*** Block opens ***

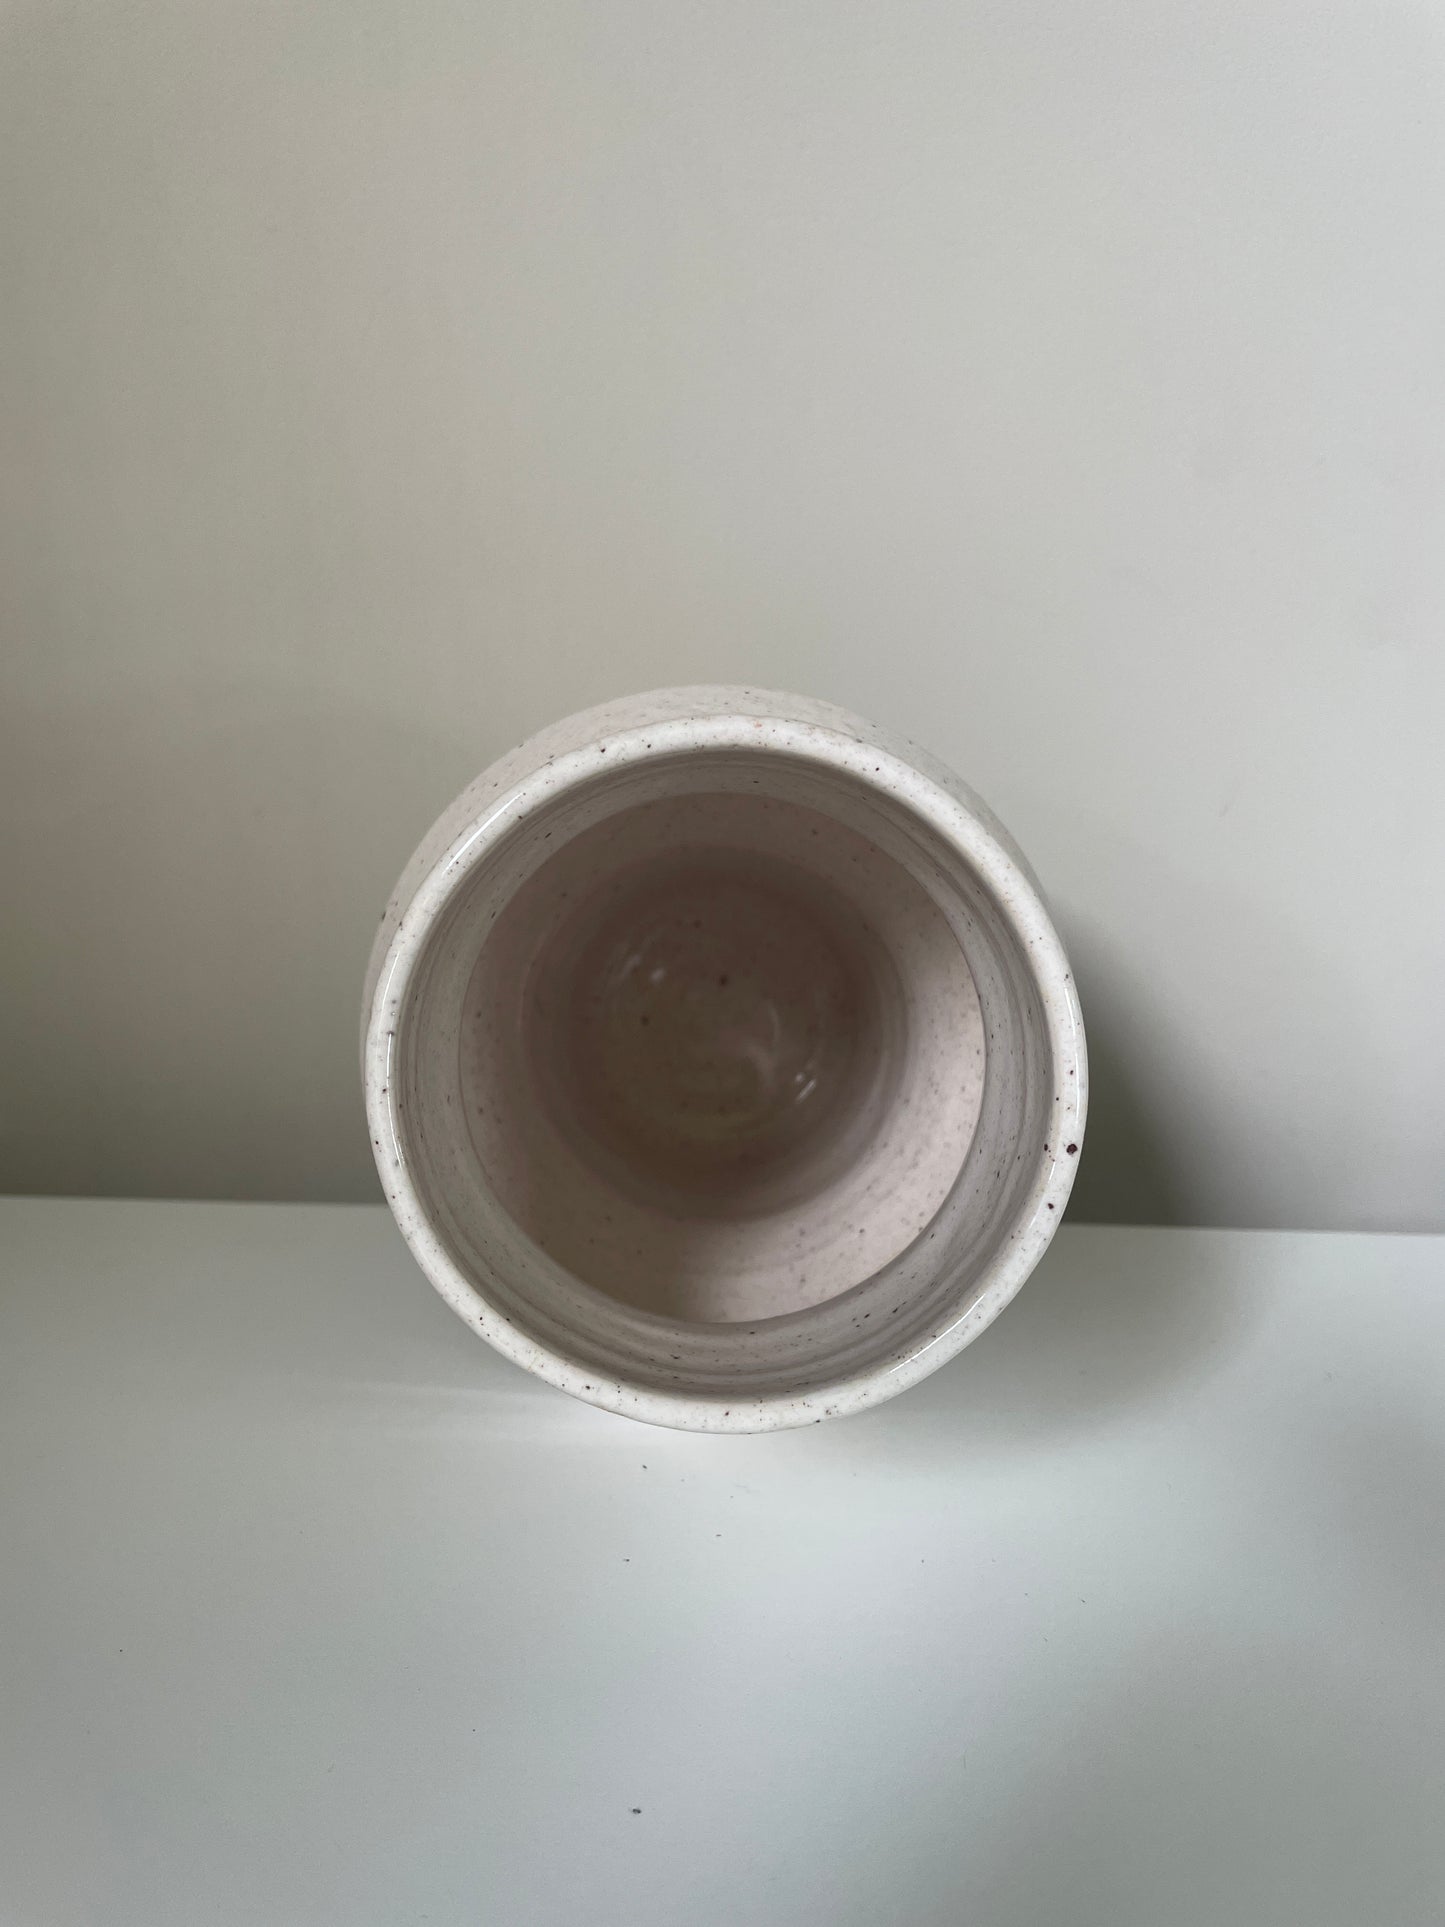 Contemporary vase #01
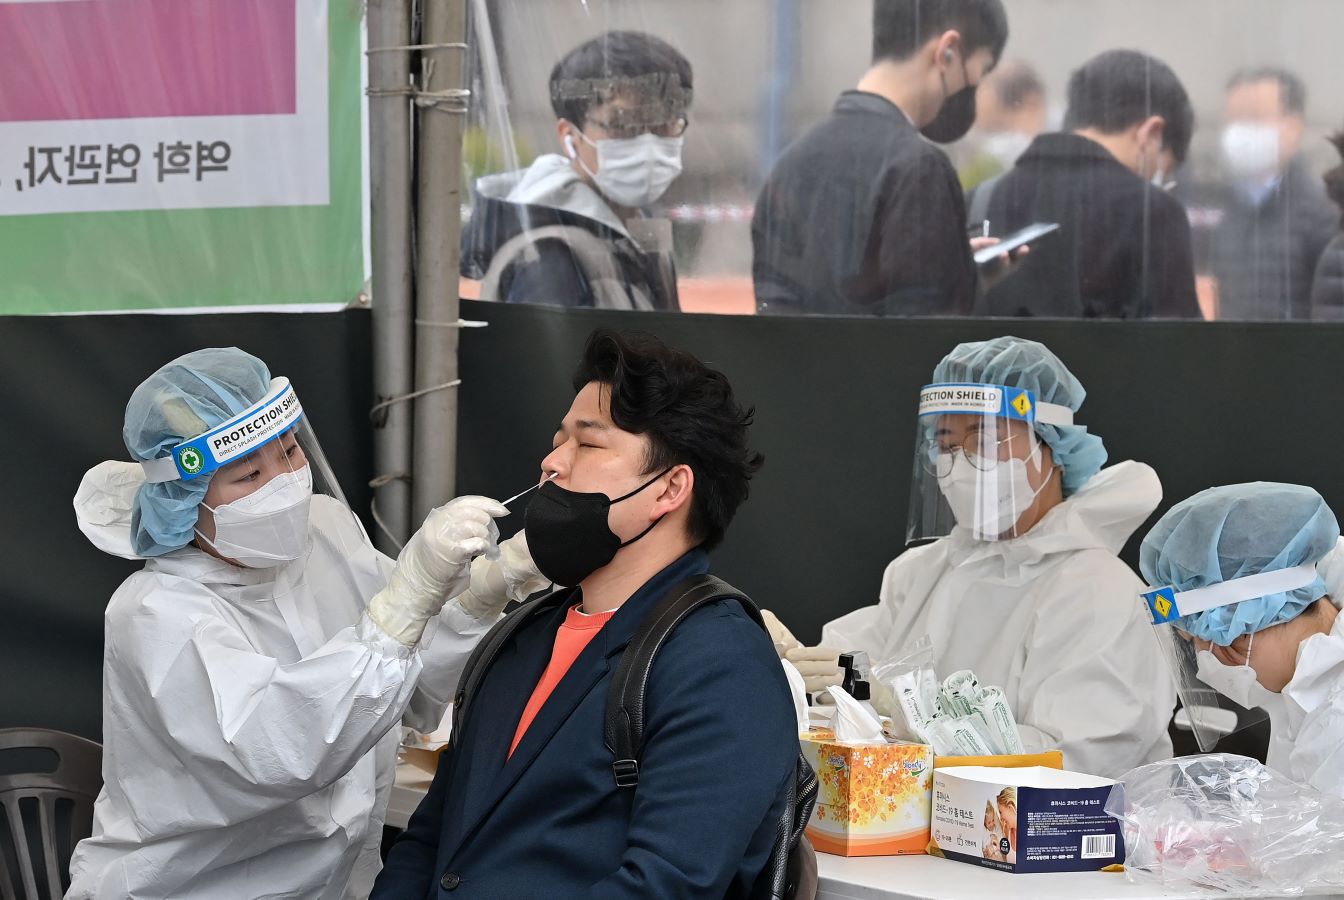 الإصابات اليومية بكورونا تتخطى 80 ألف حالة في كوريا الجنوبية
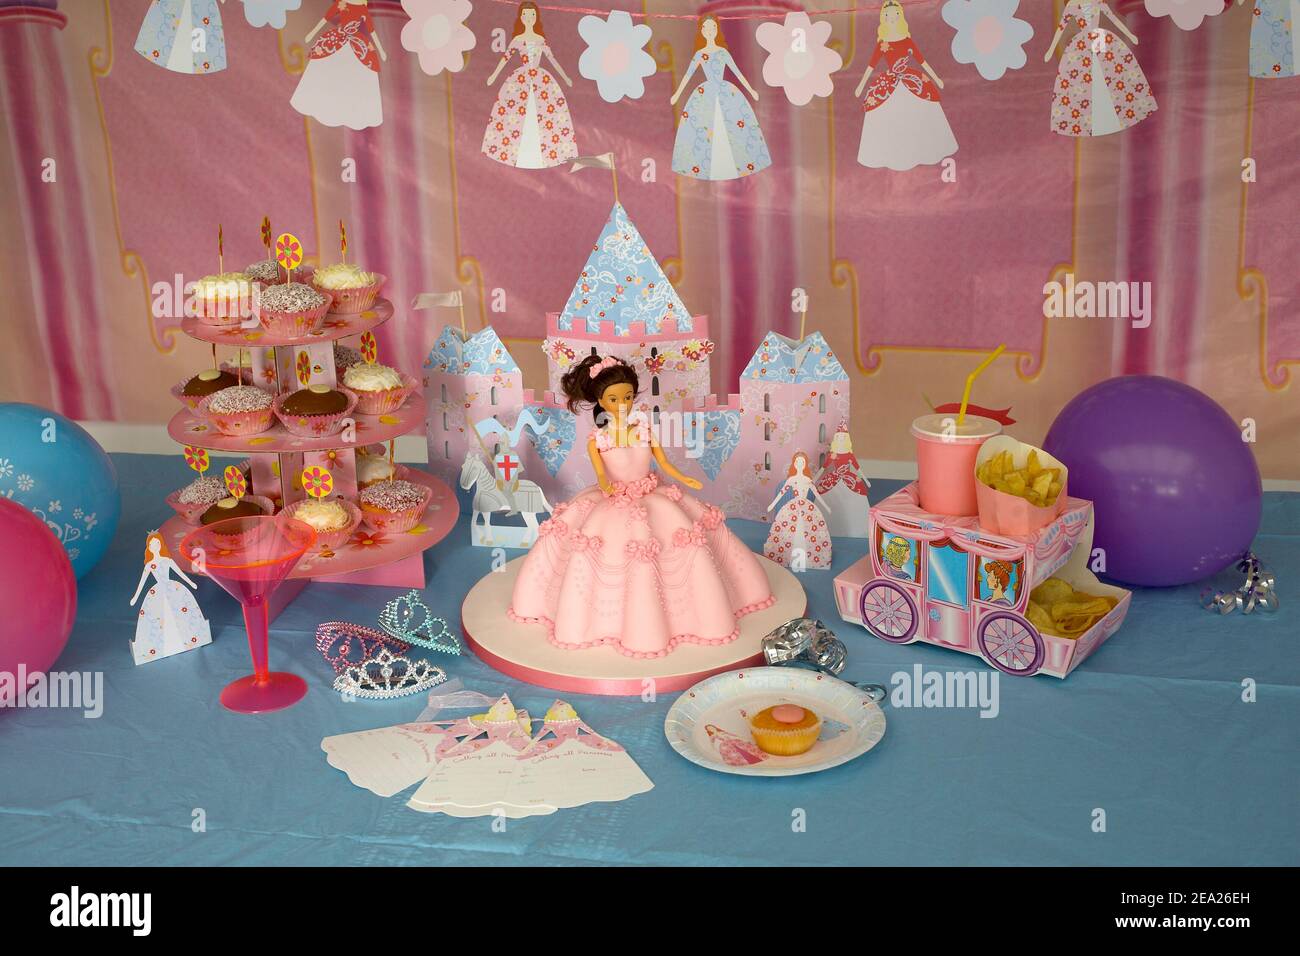 Fete D Anniversaire Pour Enfants Decorations De Fete Sur Le Theme De La Princesse Photo Stock Alamy

*** Block closes ***

When you transcribe the lines above, keep every word exact but leave the pictures behind.

§ ANSWER SECTION:
 Contemporary vase #01
 الإصابات اليومية بكورونا تتخطى 80 ألف حالة في كوريا الجنوبية
 Fete D Anniversaire Pour Enfants Decorations De Fete Sur Le Theme De La Princesse Photo Stock Alamy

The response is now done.